Religious Minority Activist Expelled from University Without Explanation

Mostafa Daneshjou, a formerly imprisoned lawyer and member of a Sufi religious order known as the Gonabadi Dervishes, has been expelled from university without explanation, the Center for Human Rights in Iran (CHRI) has learned.

“I think the reason why they expelled me was my belief in the Gonabadi order,” Daneshjou told CHRI. “I have always defended the dervishes and I spent almost four years in prison for it.”

“I think that’s why the Intelligence Ministry is taking away my rights,” he added. “Usually these expulsion orders are issued by the Intelligence Ministry’s document verification office and they decide who can and can’t study at the university.”

Daneshjou was finishing his second term in criminology at the Islamic Azad University of Tehran as a graduate student when he received the news in a phone call from the university’s administrative office on May 20, 2017.

“They told me that according to an order from the university’s central security office, I have been banned from continuing my education, but they did not say why they reached that decision,” Daneshjou told CHRI.

“The next day I filed a complaint and demanded a written explanation,” he added. “I will wait and see. If I don’t hear back from them, I will take my case to the appropriate judicial authorities.”

Daneshjou started working as a lawyer in 2003, but was banned from practicing law in 2007 because of his peaceful advocacy in defense of the rights of Gonabadi Dervishes, which follow a different interpretation of Islam than Iran’s ruling Shia establishment.

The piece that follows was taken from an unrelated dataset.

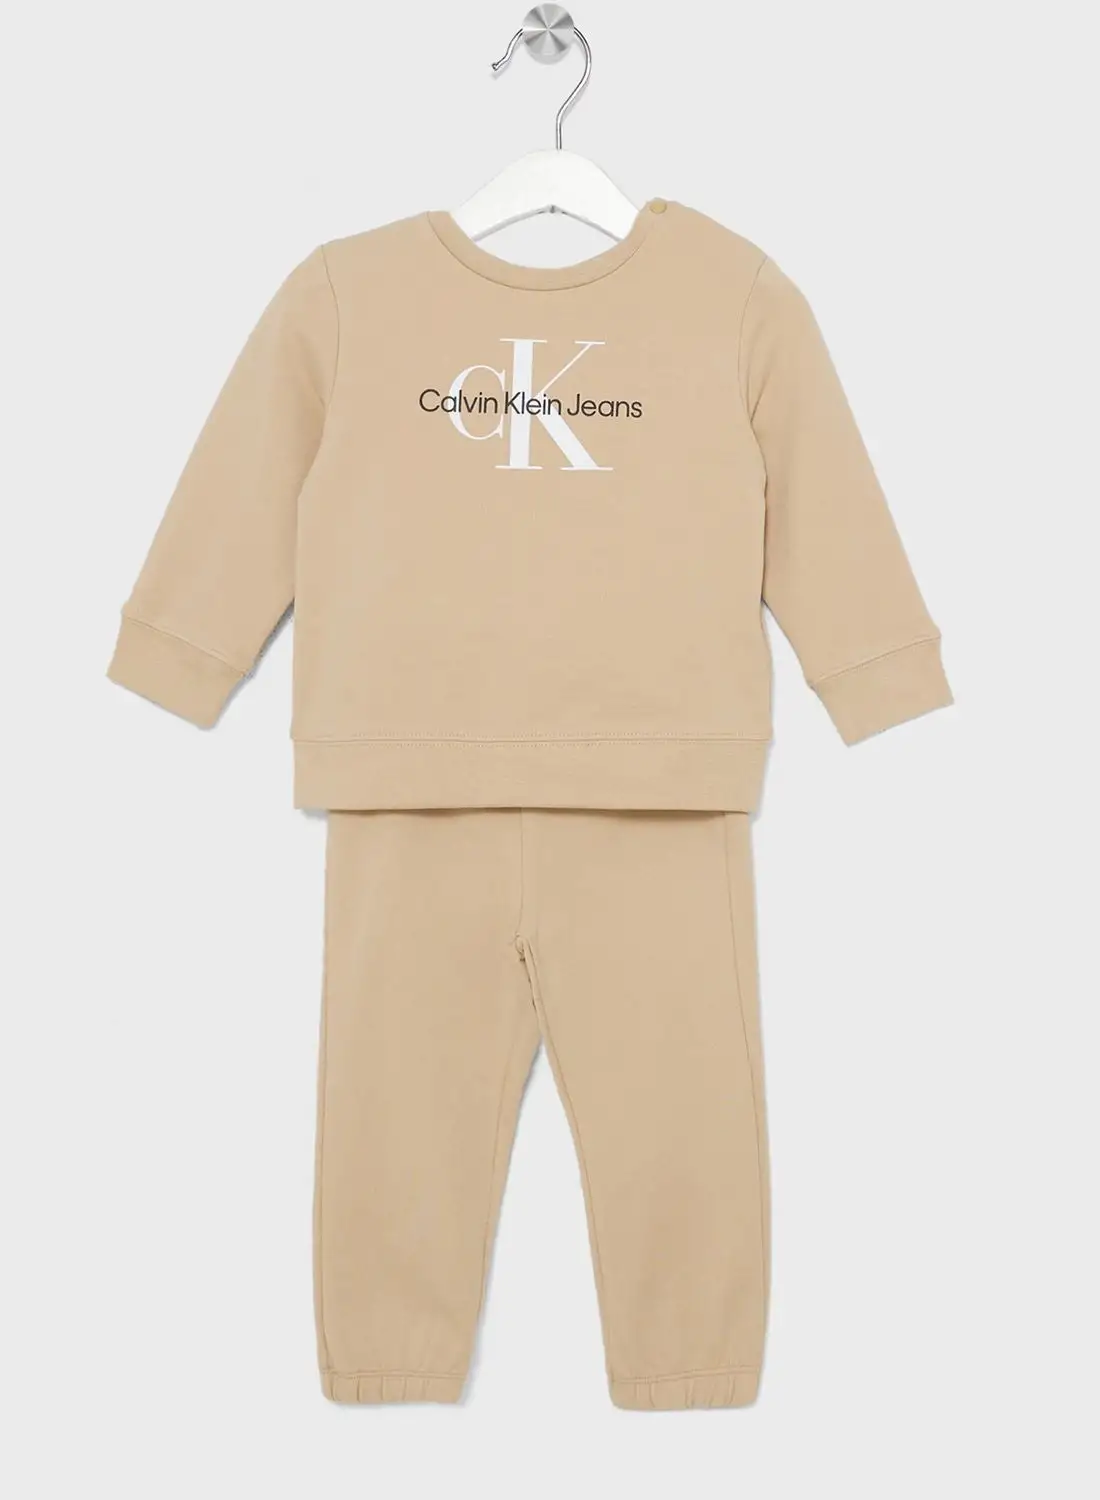 Calvin Klein Jeans Infant Monogram Gift Set
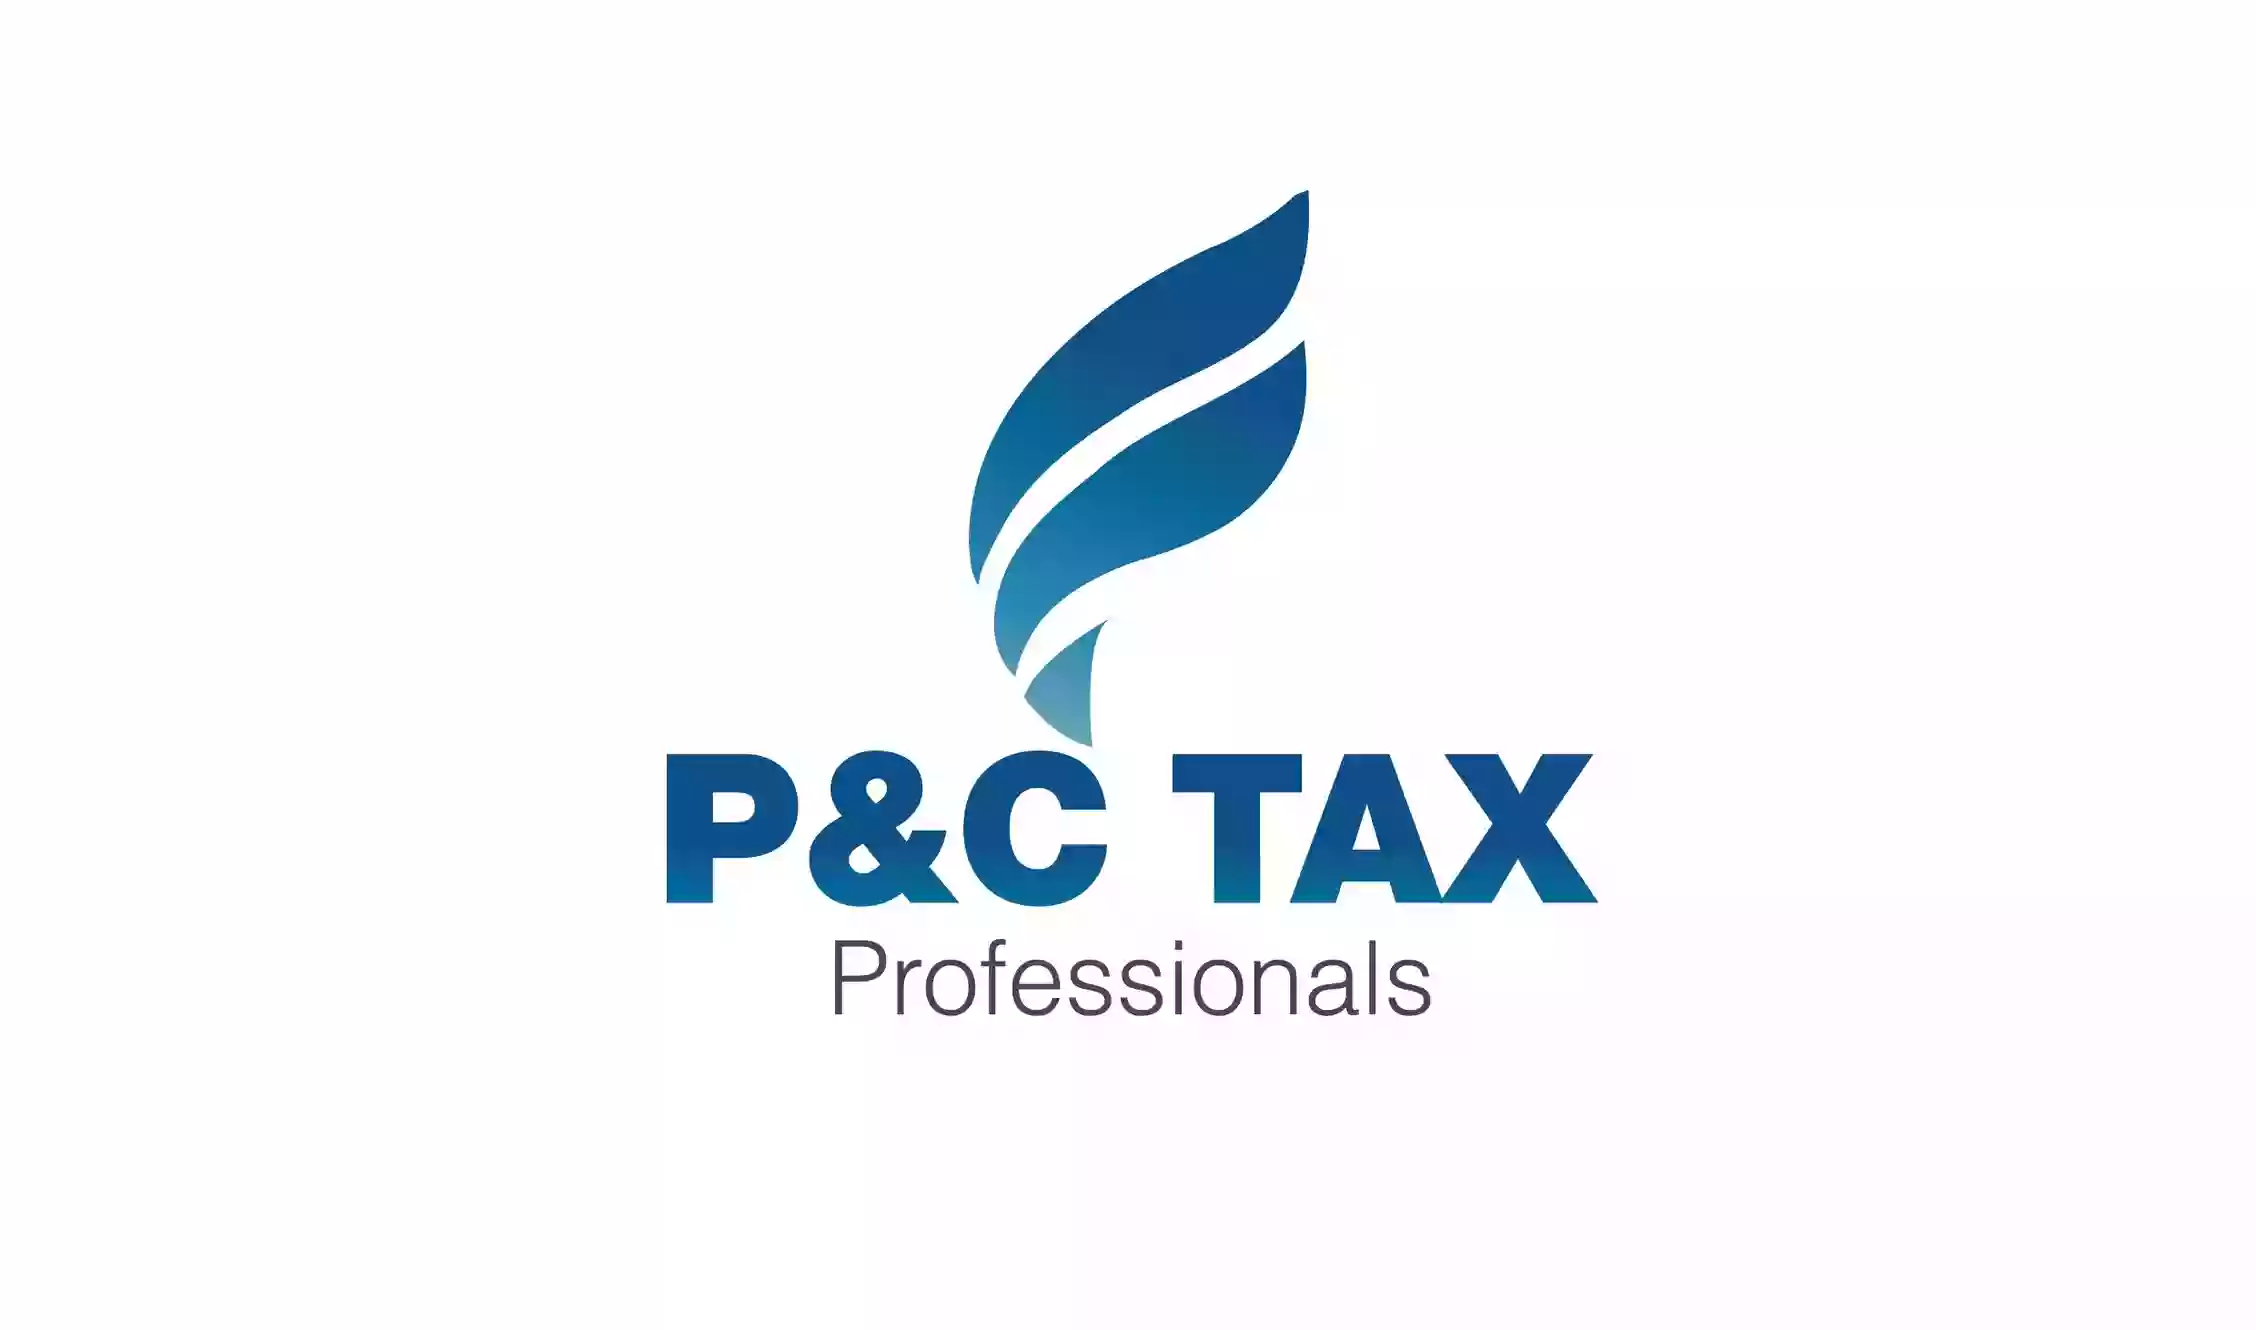 P&C Tax Professionals

Iran’s security establishment views other Muslim sects, religions and any other alternative belief system, especially those seeking converts, as a threat to the prevailing Shia order.

In September 2012, Daneshjou and six other Gonabadi lawyers—Hamidreza Moradi, Amir Eslami, Reza Entesari, Afshin Karampour, Farshid Yadollahi and Omid Behrouzi—were sentenced to prison terms ranging from four to seven years each for the charges of “spreading falsehoods,” “propaganda against the state” and “assembly and collusion against national security” for their alleged administration of the Majzooban-e Noor website, which provided news about the Dervishes.

The prisoners were all granted early conditional release in 2015.